Is there anything against to integrate the following files directly into CachedActiveRecord:

> FindInstanceTrait

Do we really need this separation?

Please refer to my explanation in #6503 (comment):

This could be a good solution, yes. There is one implication: \humhub\modules\content\models\ContentContainer extends \yii\db\ActiveRecord, rather than \humhub\components\ActiveRecord. Is there a reason for this? We have two options:

  1. We keep the the code in FindInstanceTrait and link this both to ContentContainer and CachedActiveRecord. From the latter we then derive the other classes like ContentActiveRecord, Space, User, etc.
  2. We derive ContentContainer also from CachedActiveRecord (and hence humhub\components\ActiveRecord) but would have to check if there are some methods we have to direct to \yii\db\ActiveRecord (jumping humhub\components\ActiveRecord).

> RuntimeCacheHelper

It's primarily used for CachedActiveRecord or? Ideally integrate to CachedAR or maybe also rename it to CachedActiveRecordHelper or CachedActiveRecordService.

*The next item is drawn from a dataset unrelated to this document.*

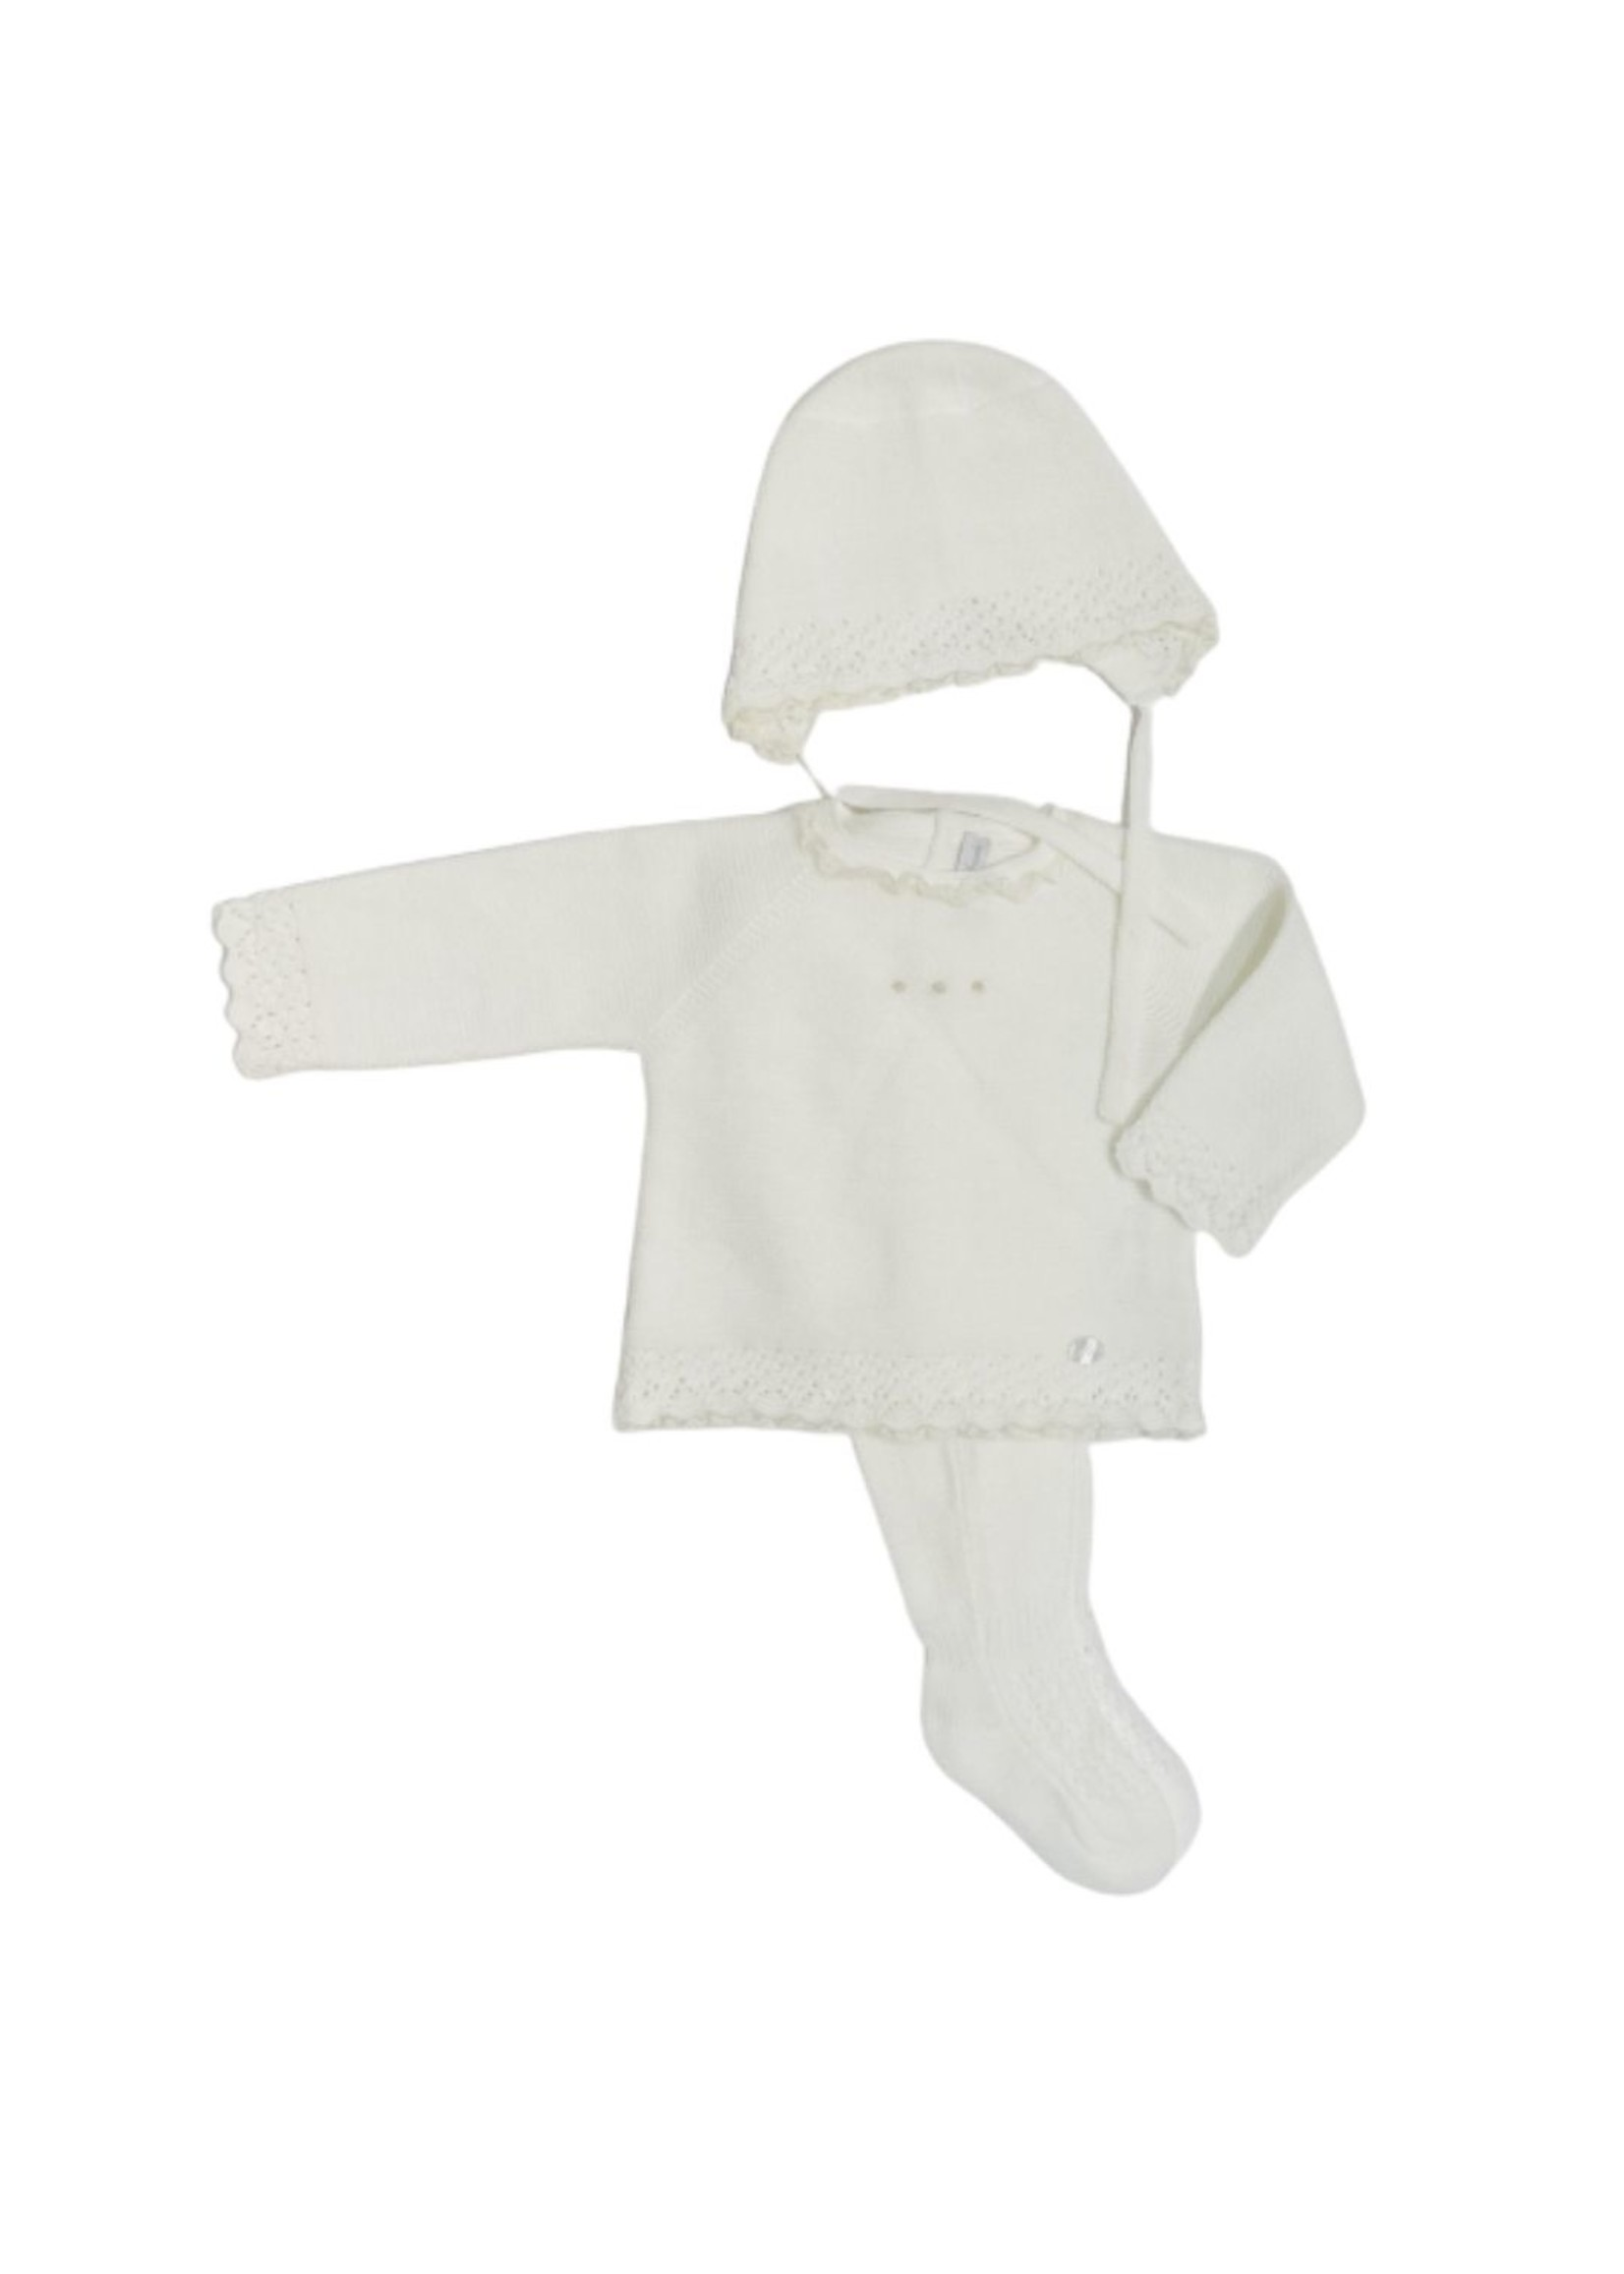 Ivory Knit Sweater Legging and Bonnet Set

I'm not trying to be hairsplitting here, but it's mainly used to access and modify the RuntimeCache (RTC) at Yii::$app->runtimeCache. At least that was my approach, although I agree that most functions do consider ActiveRecords (not only CachedAR!) in a particular way.

But since the RTC is just an ArrayCache, it does not provide any additional functionality in terms of cache-management. However, we could also extend a class from the ArrayCache, use this as the RTC implementation, and then move the helper functions into that class. The downside of this is, that the RTC could not be easily disabled in the configuration by replacing it with DummyCache, but we would have to create a parameter to disable it instead.

So rather than integrating it into CachedAR, I'd leave it as a helper class, or service class for that matter (but related to the RuntimeCache) and then update other places where the RTC is accessed to use this Helper. I just did not want to add more code to this PR but happy to create another PR for this.

> FindInstanceInterface

The purpose of findInstance() is, in my view, not primarily the caching, but the possibility of providing different identifiers but always receive an object instance or null. Whether caching is done or not does not alter the outcome of this function (MUST not!). As such, the could also be implemented by non-caching models or any object for that matter.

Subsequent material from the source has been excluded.